What to produce. Output the listing exactly as written, apart from its pictures.

Material provided.
'''

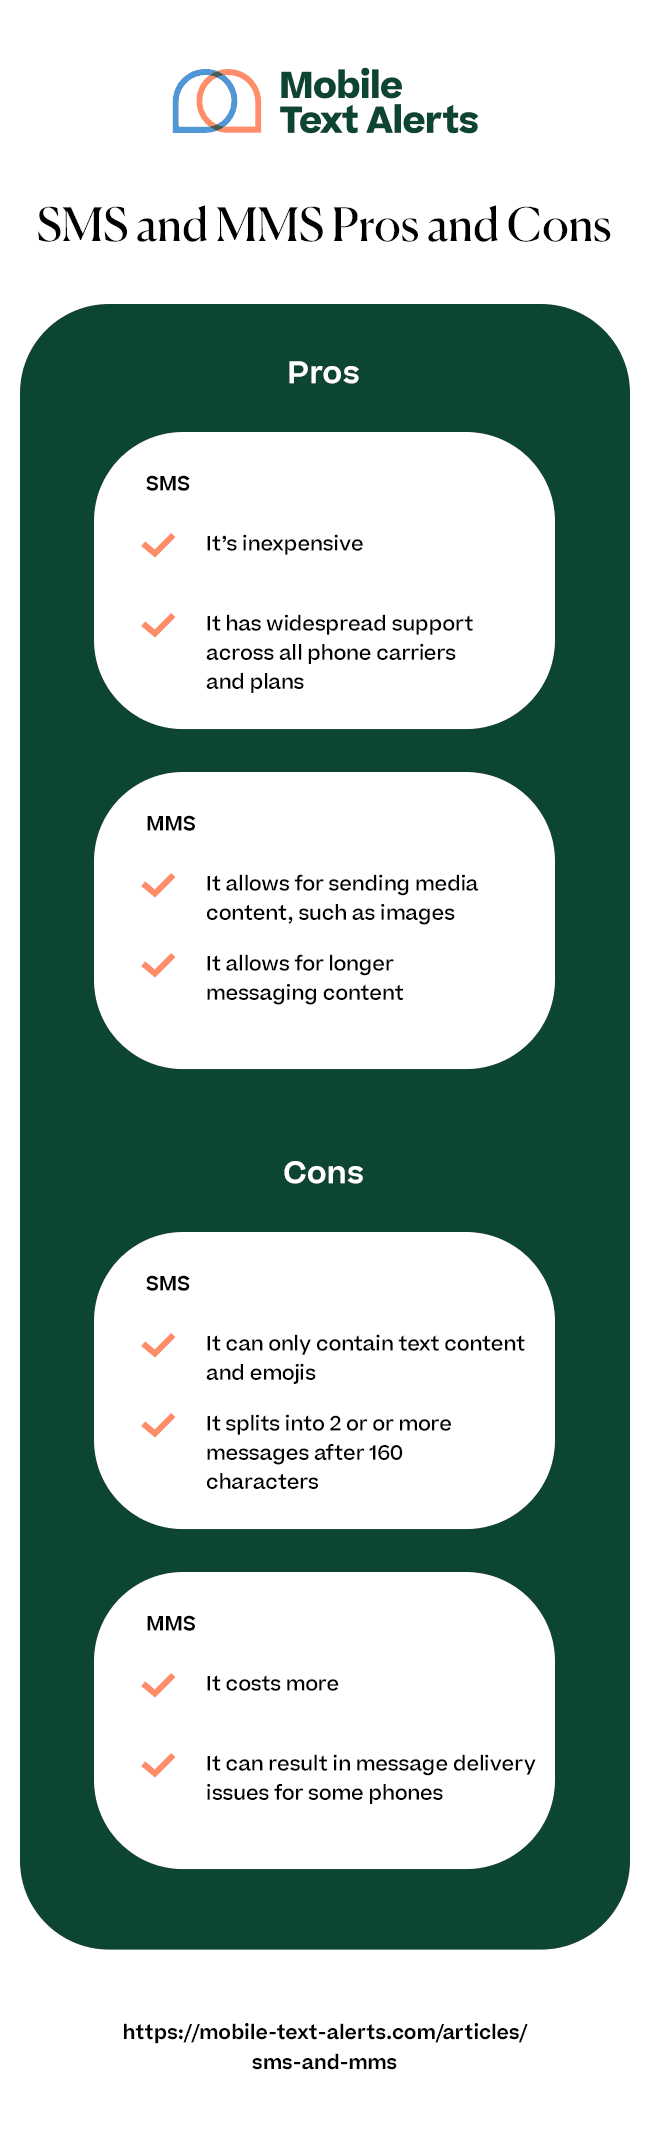 SMS and MMS pros and cons
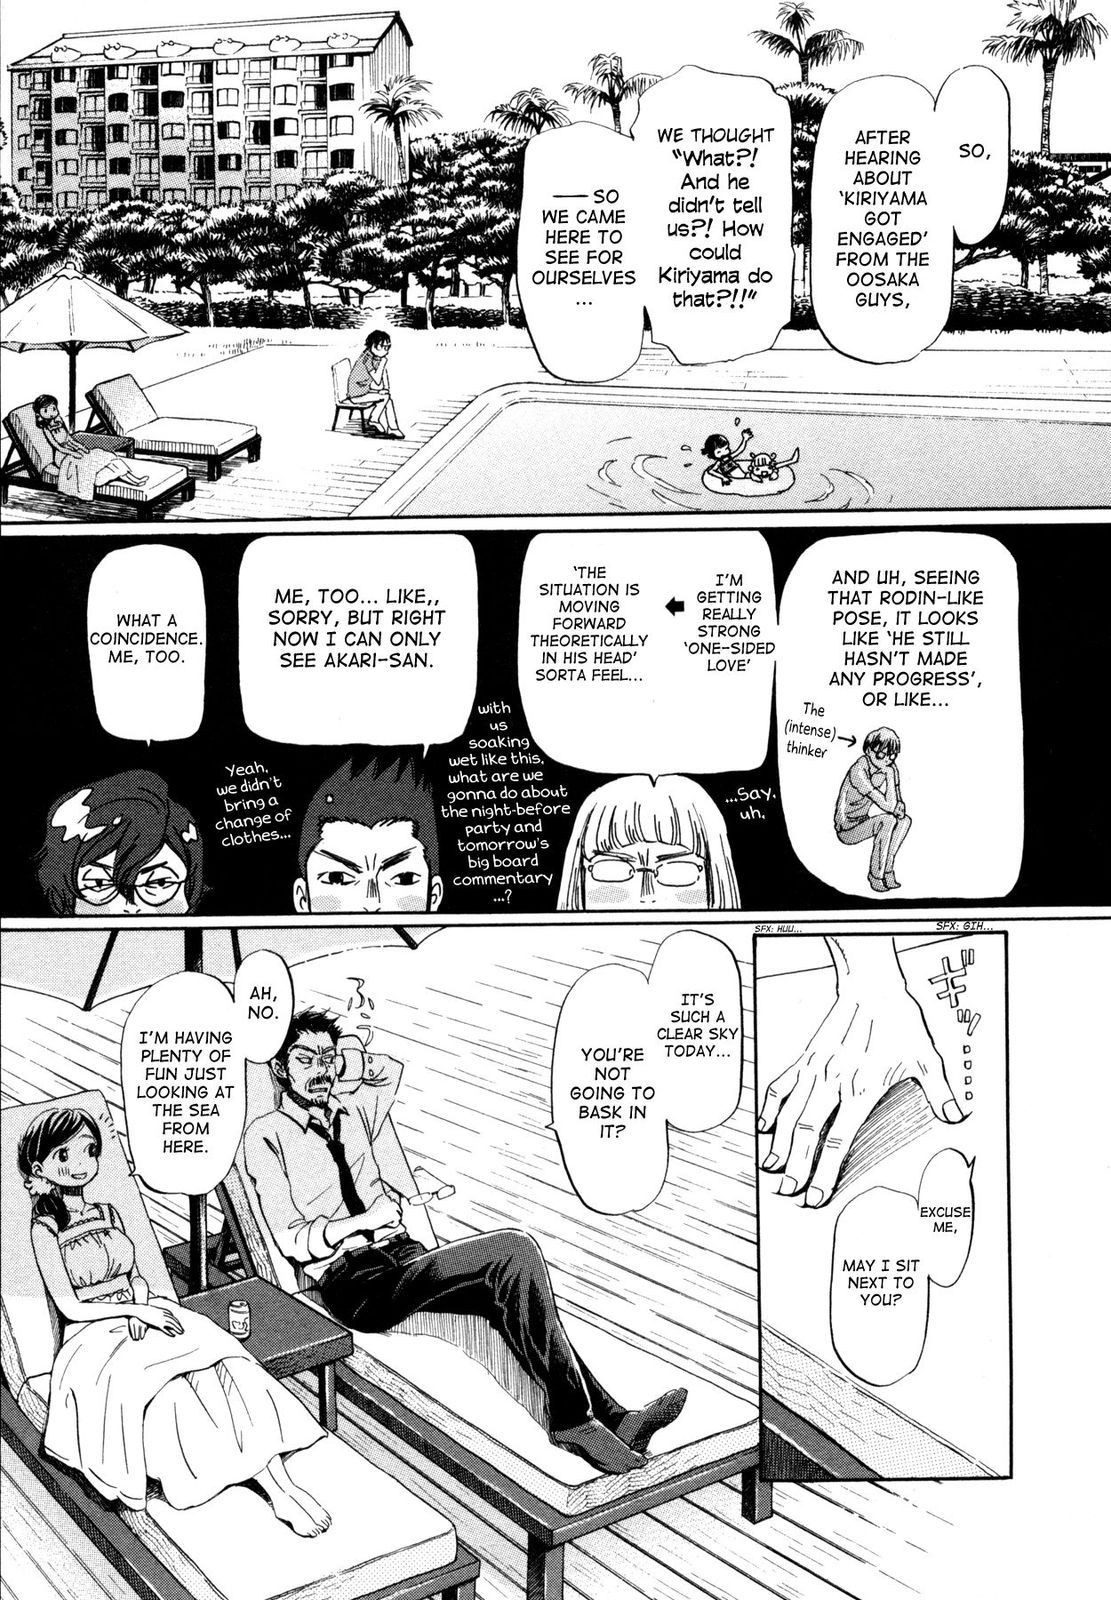 March Comes in Like a Lion, Chapter 118 The Satsuma Arc (Part 2) (EN) image 05
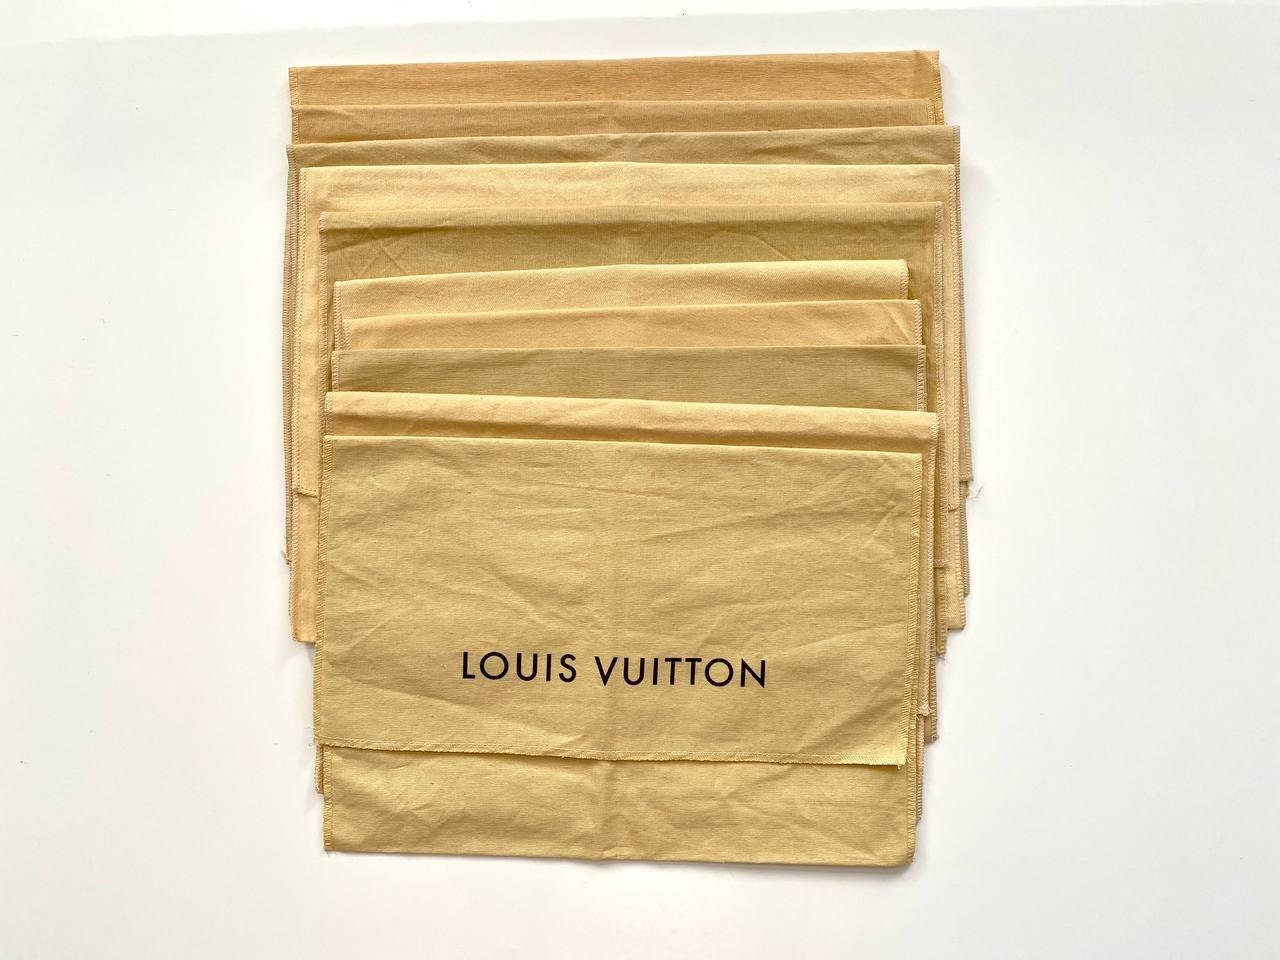 Authentic Louis Vuitton dust covers - clothing & accessories - by

'''

Written answer.
 SMS and MMS pros and cons
 March Comes in Like a Lion, Chapter 118 The Satsuma Arc (Part 2) (EN) image 05
 Authentic Louis Vuitton dust covers - clothing & accessories - by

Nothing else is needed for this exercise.